Brief: Copy exactly the lines of the material below that fall between the line with "Turbo Chef Technologies" and the line with "Plan-and-Do/Monitor -- similar", both of those lines included; pictures stay out.

Supplied records:
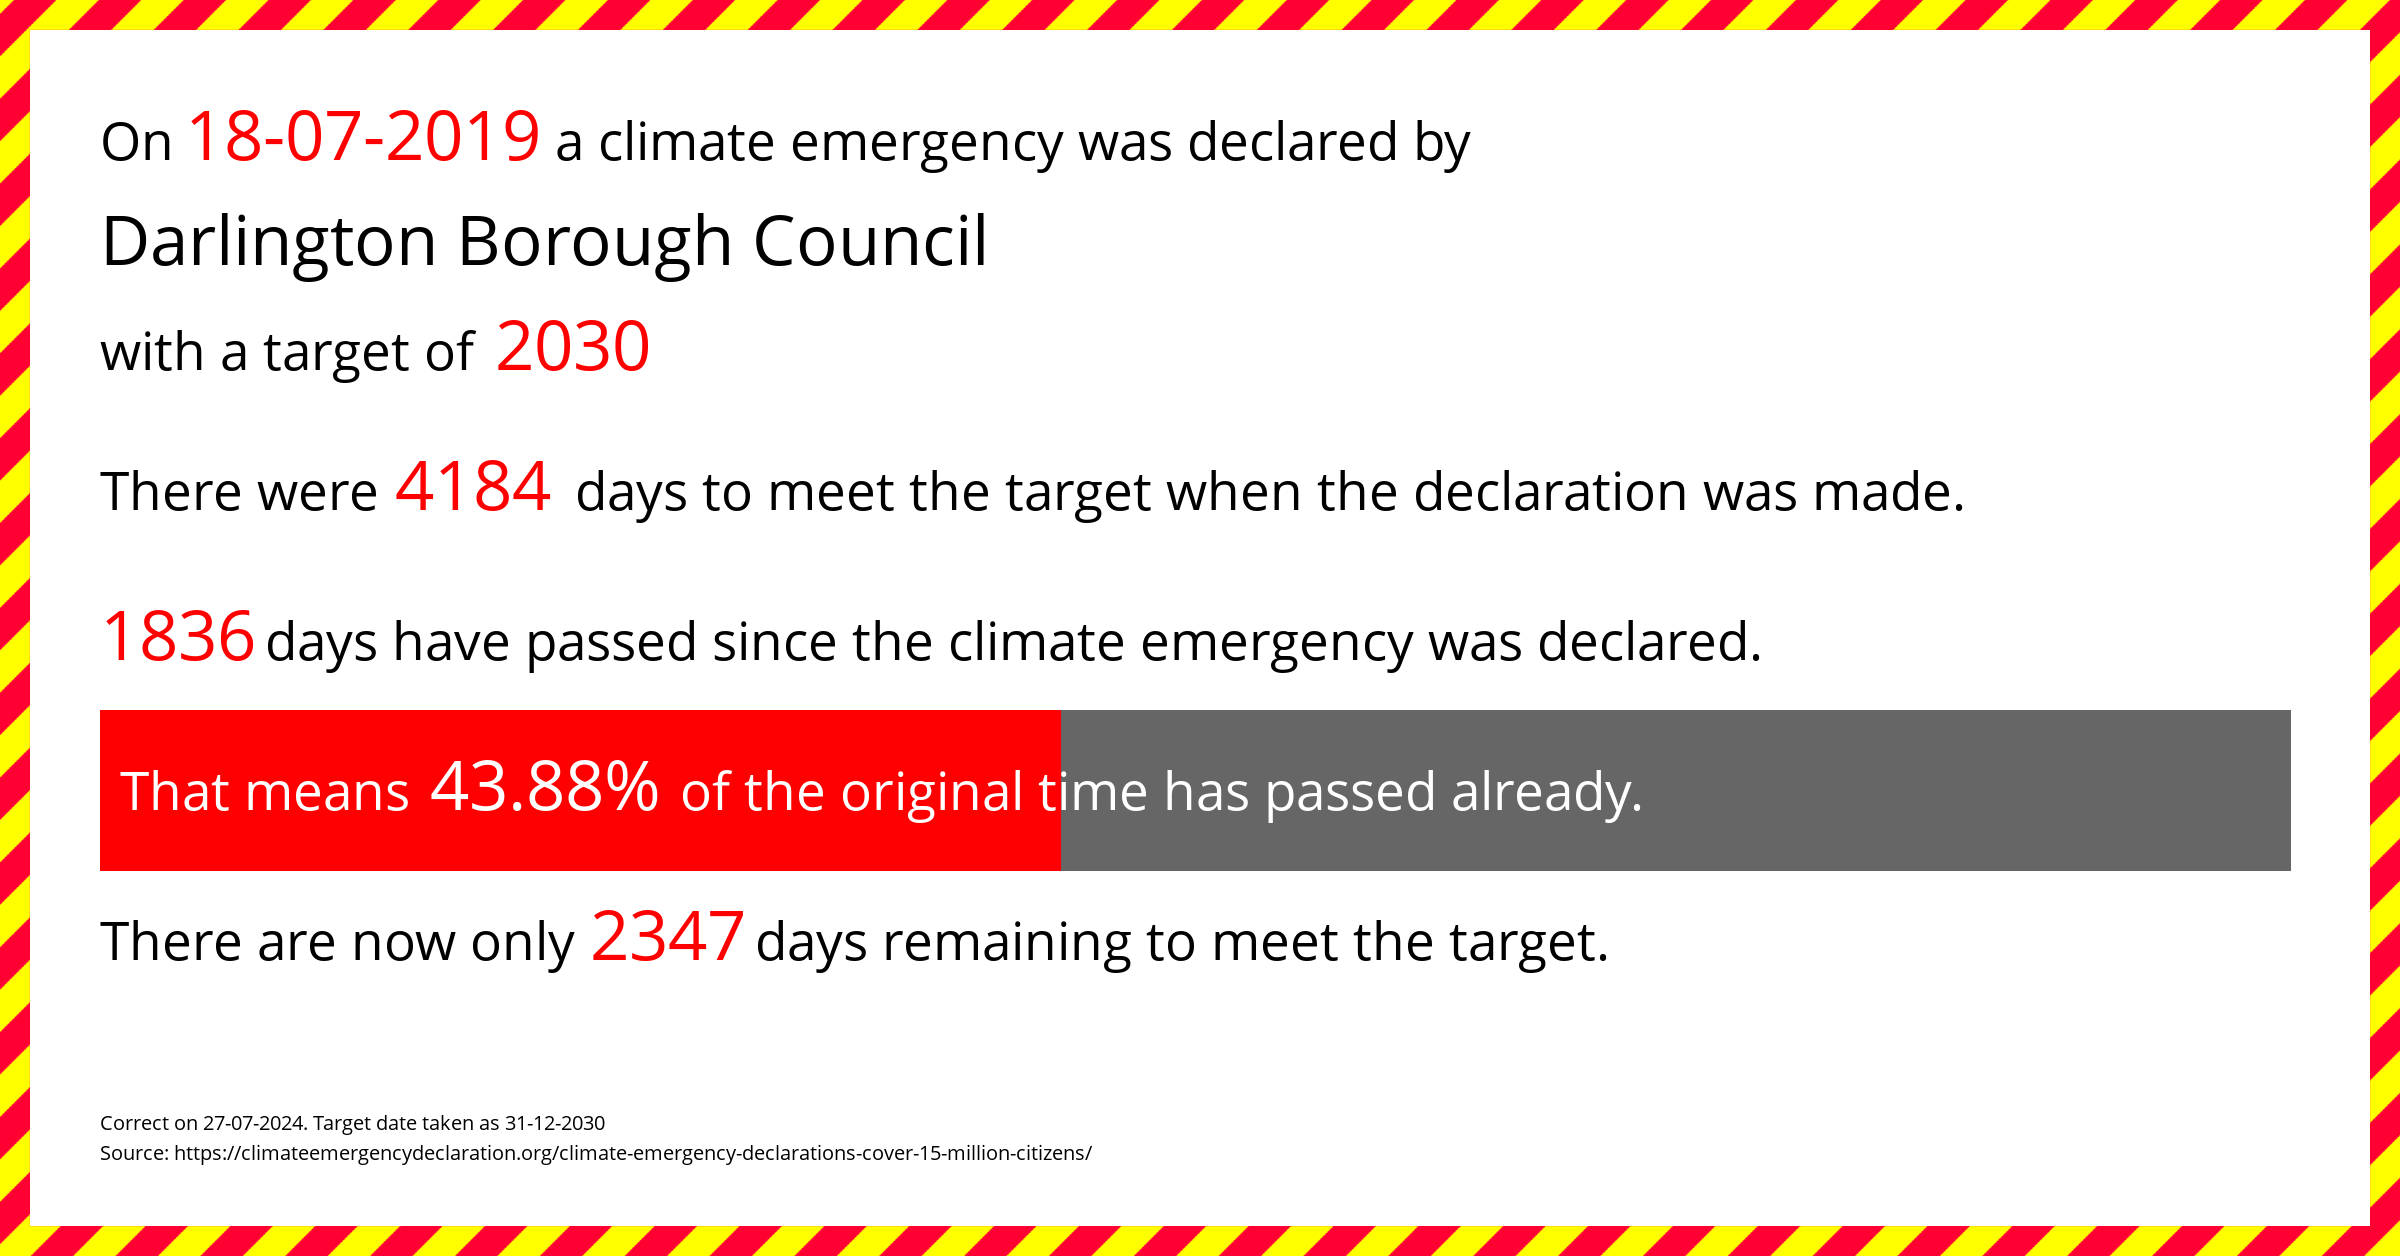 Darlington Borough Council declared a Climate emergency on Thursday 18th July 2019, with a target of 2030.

---

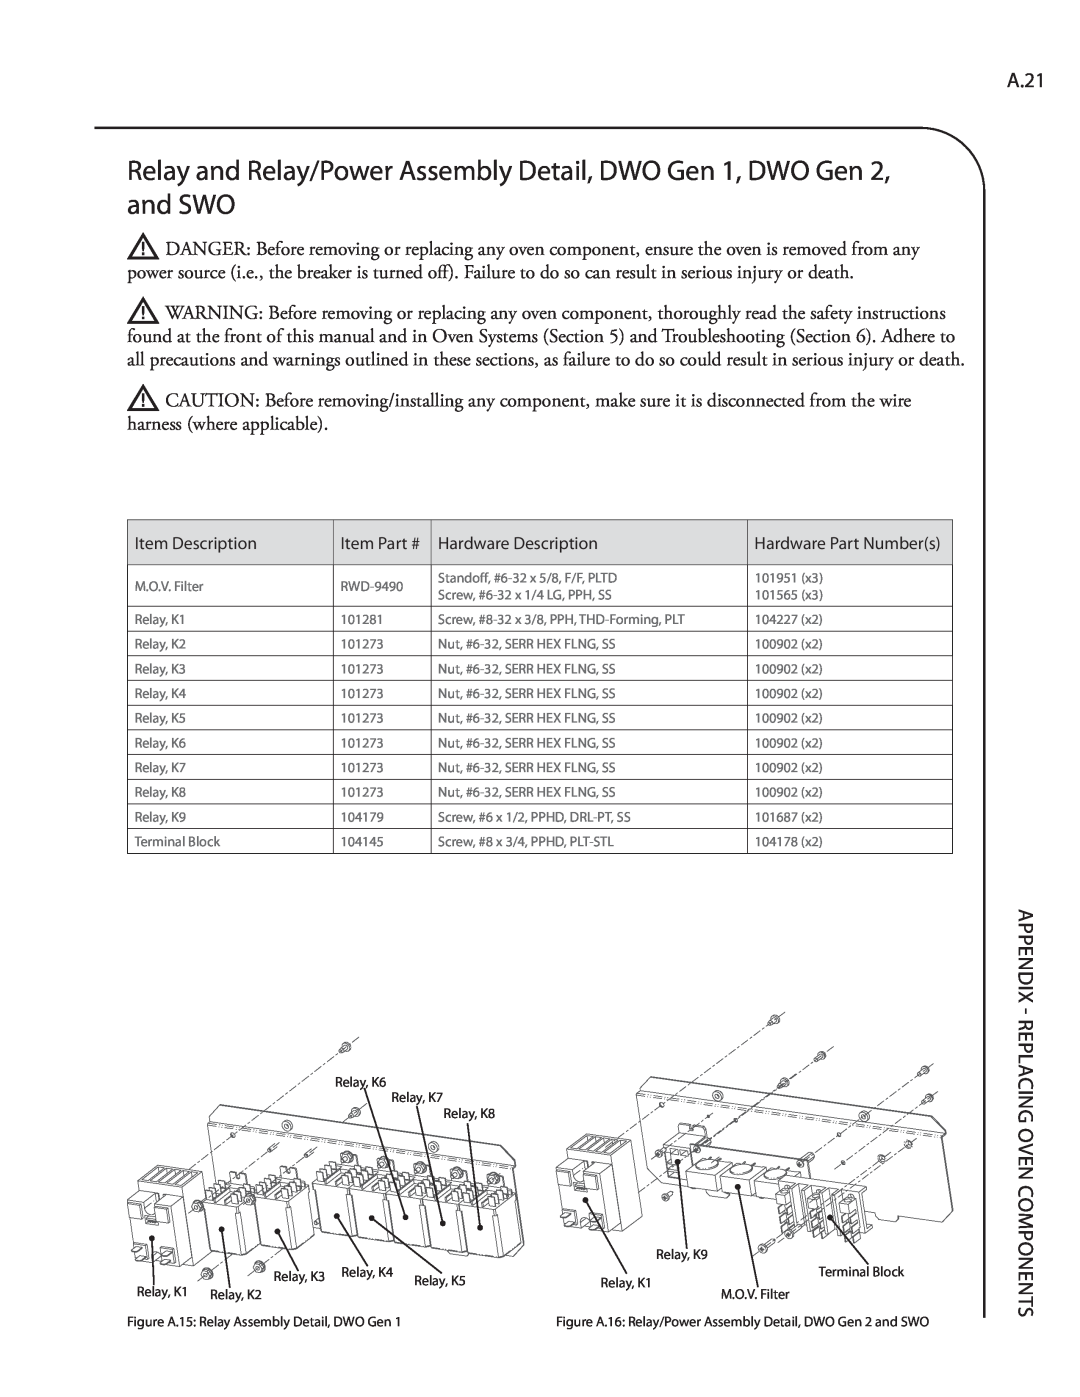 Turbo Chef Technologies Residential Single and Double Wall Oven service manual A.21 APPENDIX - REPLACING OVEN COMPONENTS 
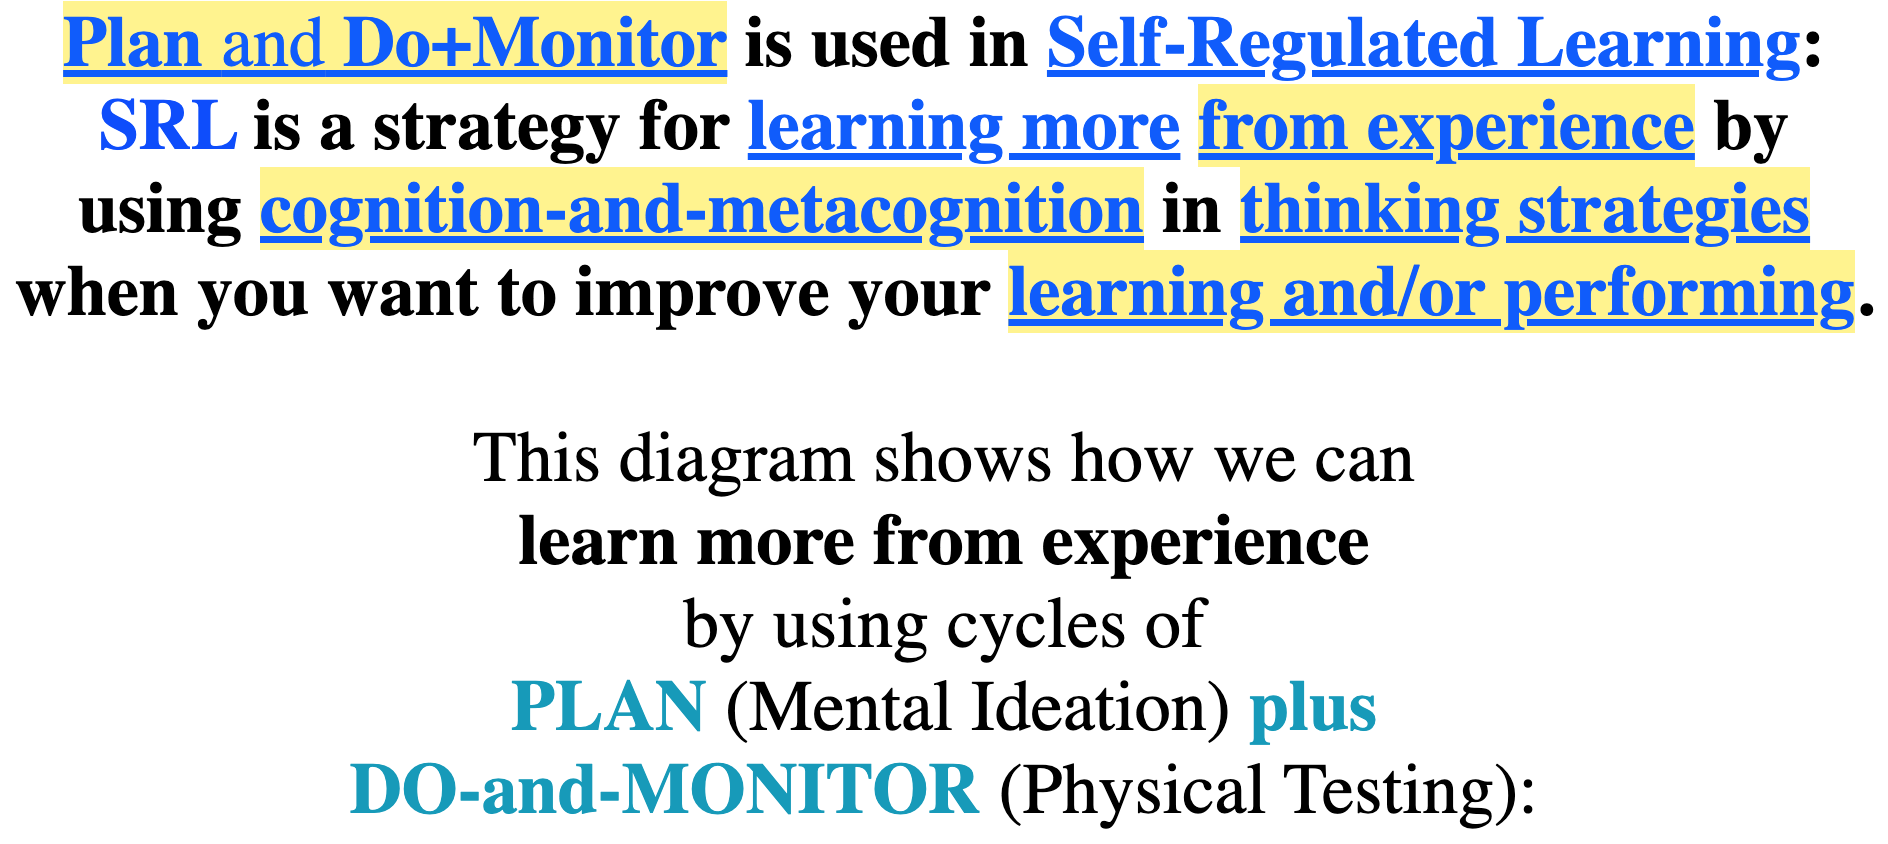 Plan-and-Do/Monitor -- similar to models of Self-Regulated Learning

--

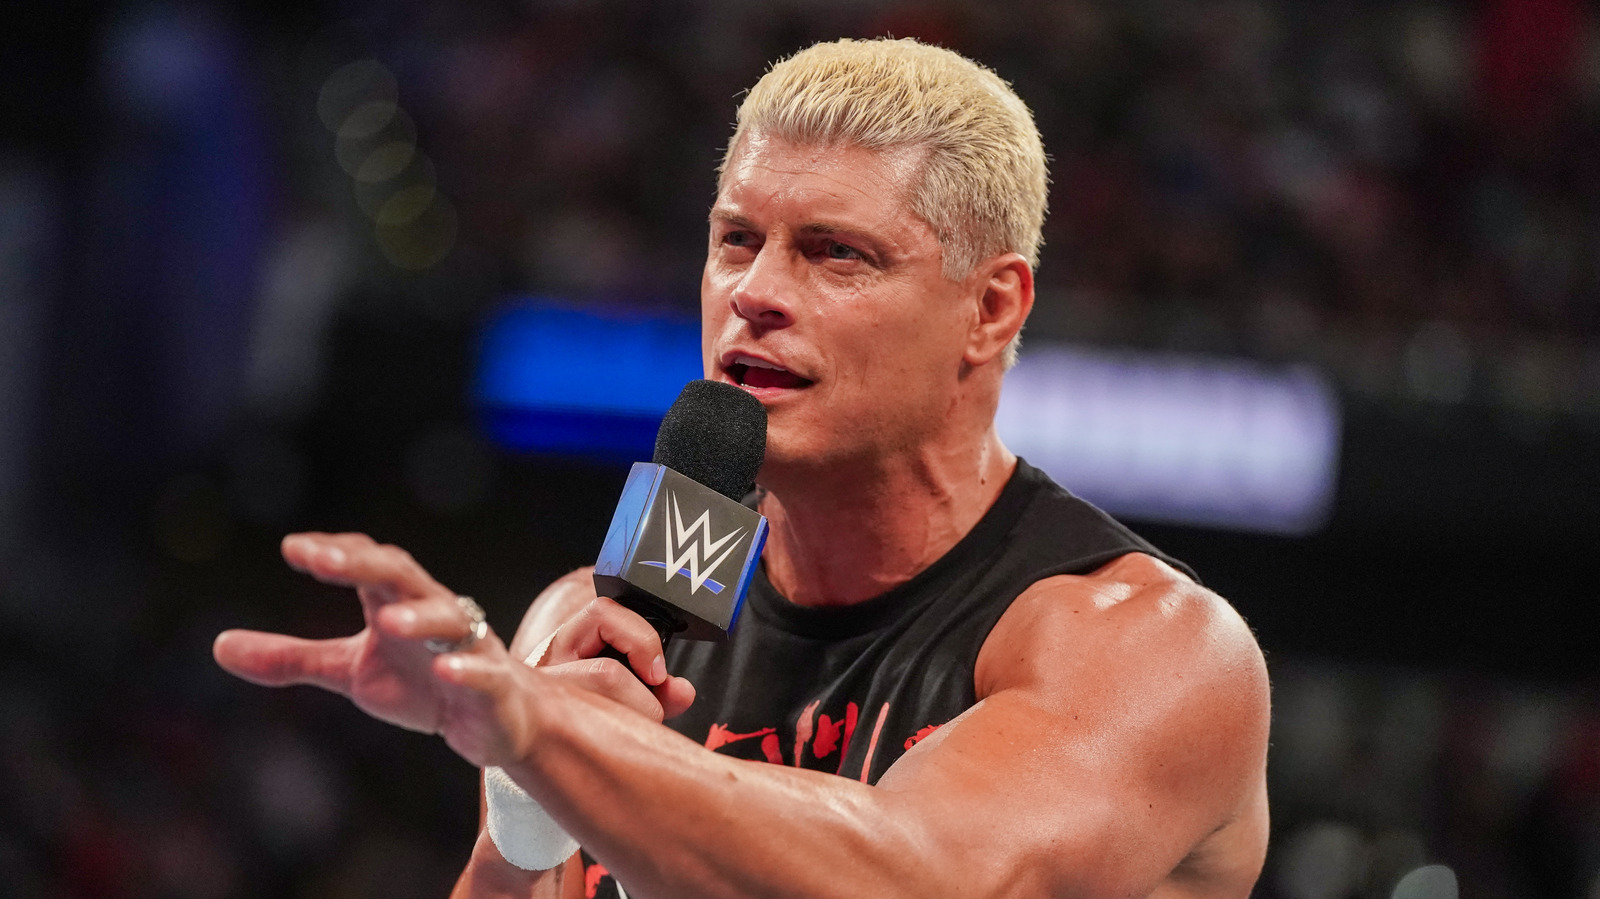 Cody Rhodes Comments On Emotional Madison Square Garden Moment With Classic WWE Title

Result below:
 Turbo Chef Technologies Residential Single and Double Wall Oven service manual A.21 APPENDIX - REPLACING OVEN COMPONENTS 
 Plan-and-Do/Monitor -- similar to models of Self-Regulated Learning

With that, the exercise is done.